Jerry Clark speaks of McDonald’s visit to Australia in his entry on McDonald in The UFO Encyclopedia. “In late June 1967 McDonald went to Australia, financed by a small grant from ONR, to do cloud-physics research. Earlier that month, in a memo to Low, he said he planned also to do some UFO investigating and lecturing. … On his return McDonald talked about his UFO work (‘before I left I had checked almost all of the “classic” Australian episodes’).
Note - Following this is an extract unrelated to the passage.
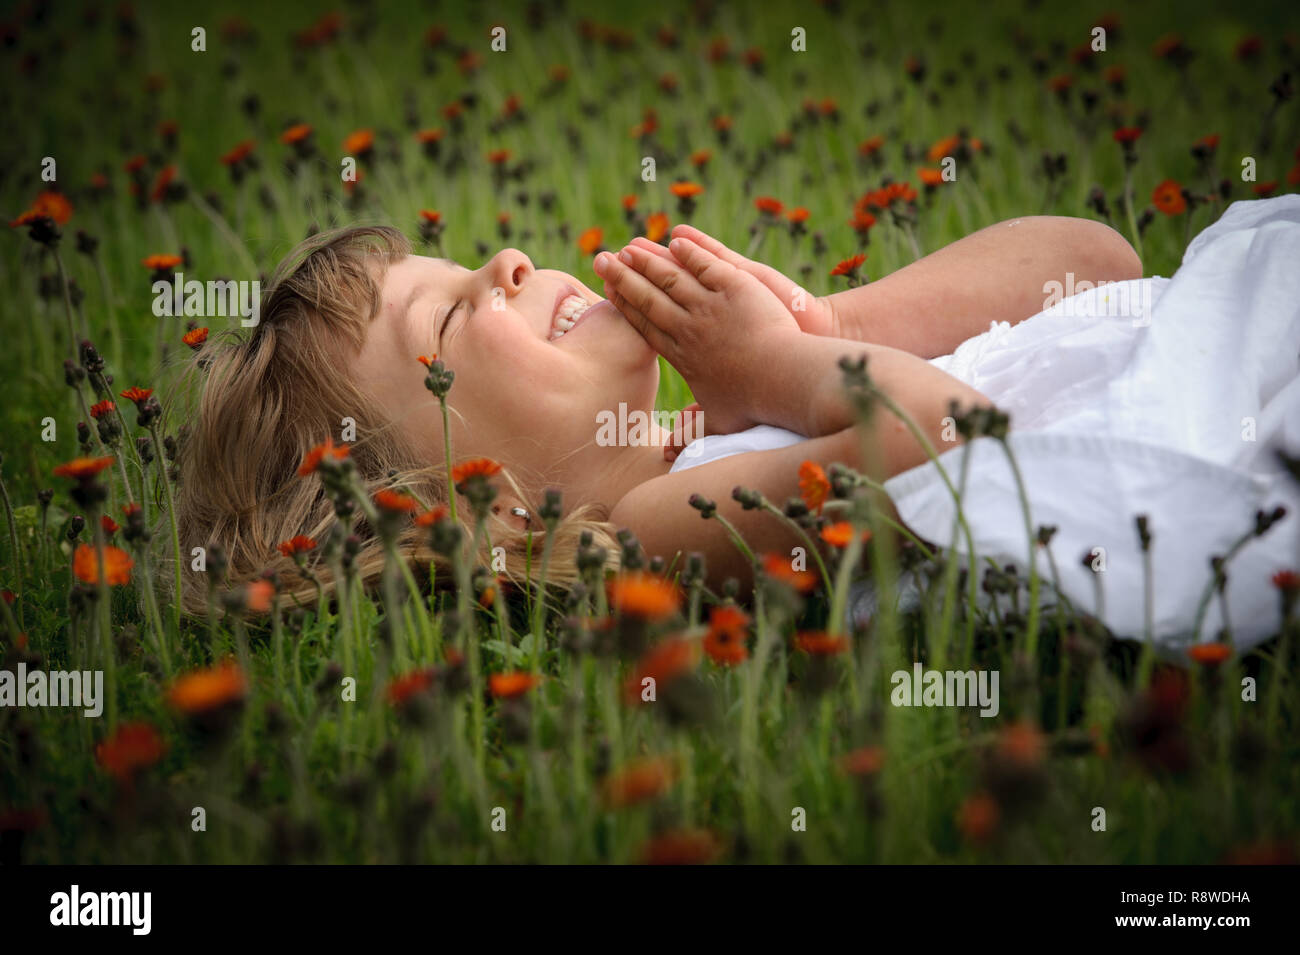 little girl praying on an orange flower carpet Stock Photo

He also complained that some news accounts in Australian media had falsely claimed that he was there to investigate UFOs for the ONR.” But Phil Klass pounced on McDonald for supposedly abusing ONR funds, and so the Australian trip became one more episode in the tragic ending of McDonald’s career and life.
Shane Ryan says
G’day to you all!
For those who would like to know more about the 1966 Westall Flying Saucer Incident, feel free to have a look at (and even join) the Facebook page for the incident: https://www.facebook.com/groups/1966westallflyingsaucerincident/.
There are very few UFO incidents with their own Facebook page but if any deserve one I think the Westall Incident does! The page was started by me as a way of reaching out to those who were witnesses to the events at Westall, and over the years many other people with an interest in the story have also joined it.
Over the past eleven years since I started my research in 2005, 101 witnesses to the flying saucer(s), and 149 witnesses to the circles or marks left behind by the flying saucer(s) have been in contact with me about what they saw.
I keep an open mind as to what it was that so many hundreds of students, teachers, local residents and workers saw that day at Westall in broad daylight in the skies over Westall High School and Westall State School – and on the ground in the adjacent paddocks when the objects came down (and then took off again at speed!). I am confident that it was not something mundane or prosaic, however, and the search for what it was – and what it meant – still goes on, even after fifty years have passed.
Regards,
Shane L.J. Ryan
DipJpnStd BTh MA GCertTESOL
1966 Westall Flying Saucer Incident researcher
shaneljryan@iinet.net.au
http://www.westall66ufo.com.au
http://www.facebook.com/groups/7613851618/
http://tech.groups.yahoo.com/group/Westallhighschoolufo/
David Halperin says
Thank you so much, Shane Ryan! I’ve joined the Facebook page, and urge all my readers to do the same.
Shane has shared with me a wonderful treasure trove of source material on the Westall incident, Keith Basterfield’s post to “Project 1947” at http://project1947.com/kbcat/kbwestall.htm. “Notes from taped interview between James E McDonald and Andrew Greenwood, 28 June, 1967,” apparently made by Basterfield from listening to the tape, appears there as Source 15. As a near-contemporary account by an adult witness, this may be the single most precious testimony we have.